# Original Schwinn Motorbike on FB



## Jesse McCauley (Nov 29, 2022)

Log into Facebook
					

Log into Facebook to start sharing and connecting with your friends, family, and people you know.




					www.facebook.com


----------



## catfish (Nov 29, 2022)

No horn, no rack.
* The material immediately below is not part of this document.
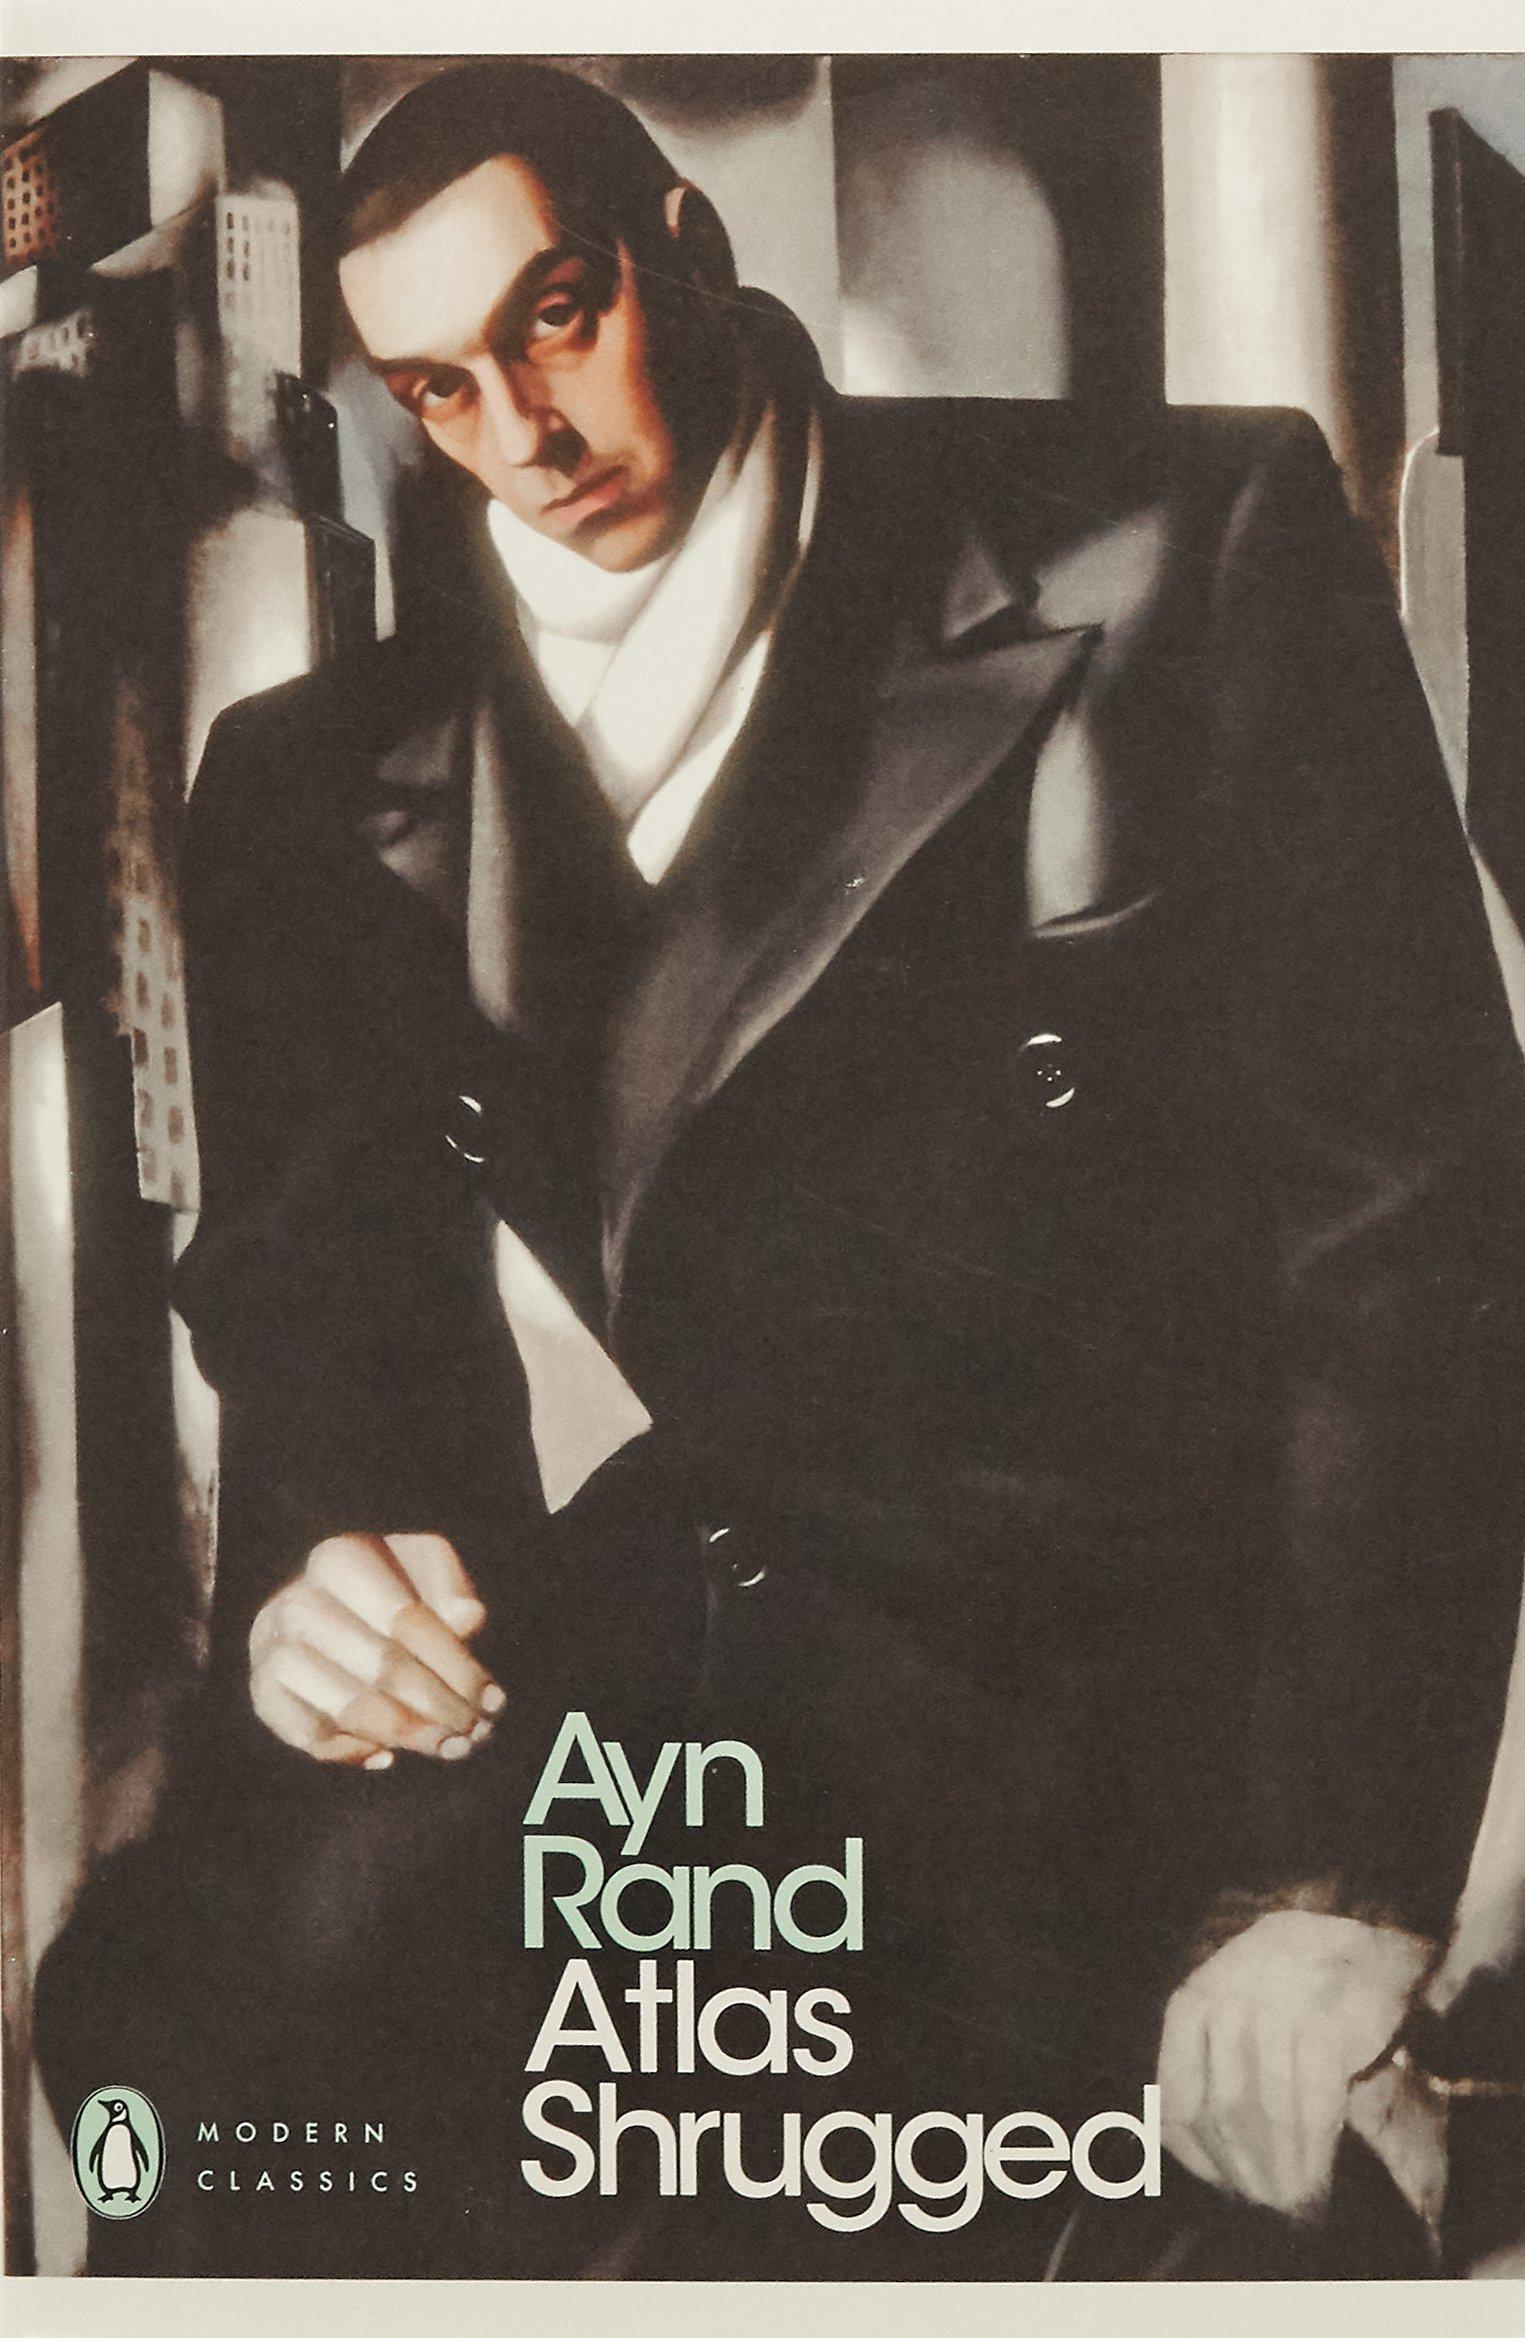 Atlas Shrugged (Penguin Modern Classics): Amazon.es: Ayn Rand: Libros en  idiomas extranjeros
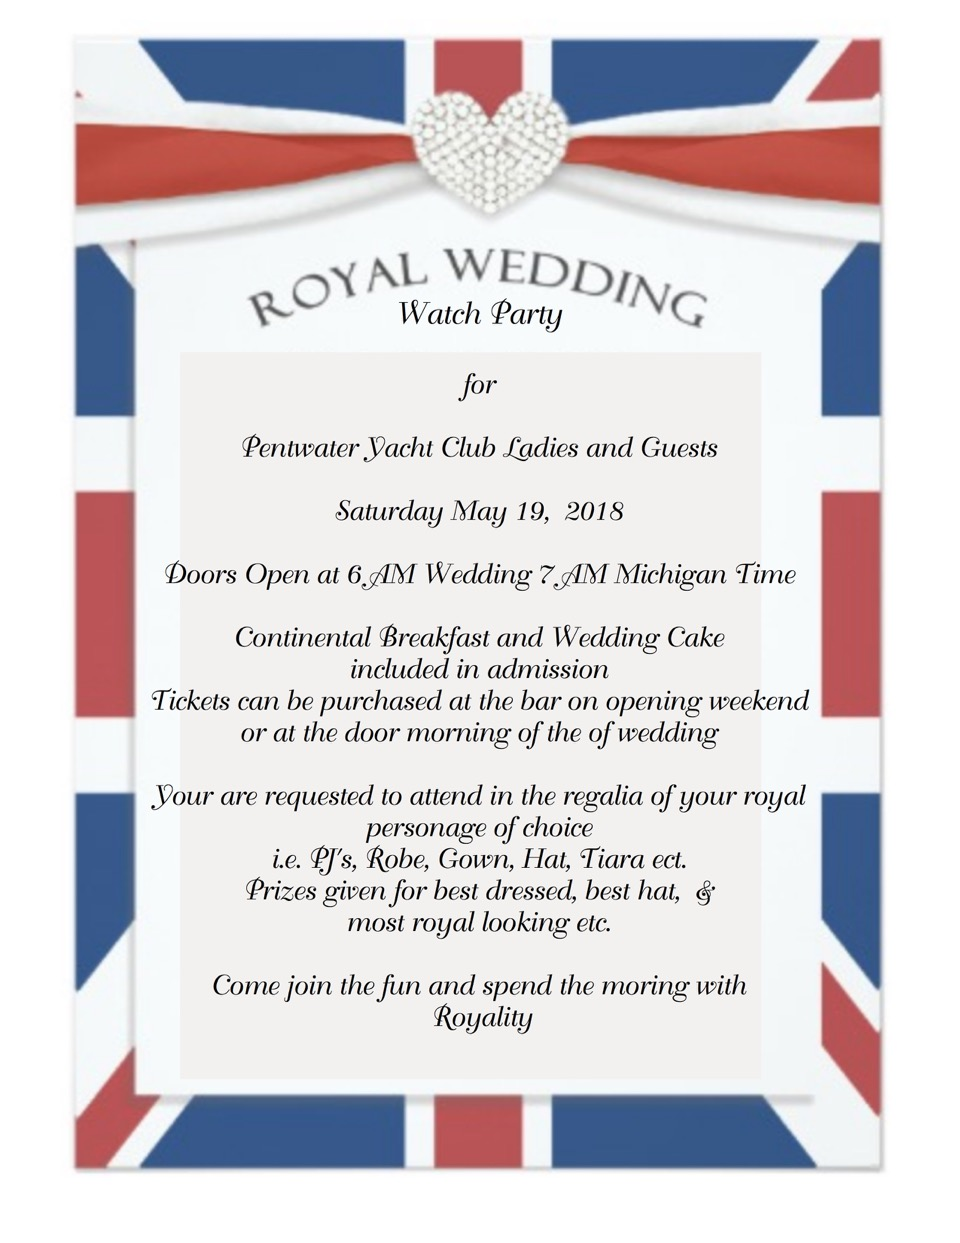 Roral Wedding-2-001.jpeg

And like it says in the ad "NO MOTOR".....


----------



## DrRumack80 (Nov 29, 2022)

Not an outrageous price, even without the rack and horn.  Looks like a 20" frame too


----------



## mr.cycleplane (Nov 29, 2022)

What-no motor!!!! Geeezzzz-what the heck they trying to pull off here...some people........


----------



## DrRumack80 (Nov 29, 2022)

mr.cycleplane said:


> What-no motor!!!! Geeezzzz-what the heck they trying to pull off here...some people........



And what about that Cycleplane that doesn't actually fly.....


----------



## Handle Bar Hoarder (Nov 29, 2022)

nice bike !!! if that was near me i'd be on this....


----------



## mr.cycleplane (Nov 29, 2022)

DrRumack80 said:


> And what about that Cycleplane that doesn't actually fly.....



Hummm...never thought about it like that.......


----------



## Handle Bar Hoarder (Nov 29, 2022)

i what to know what is to the left side of it 🤨🧐


----------



## BFGforme (Nov 29, 2022)

Way too much for what it’s missing! Especially the motor…lol


----------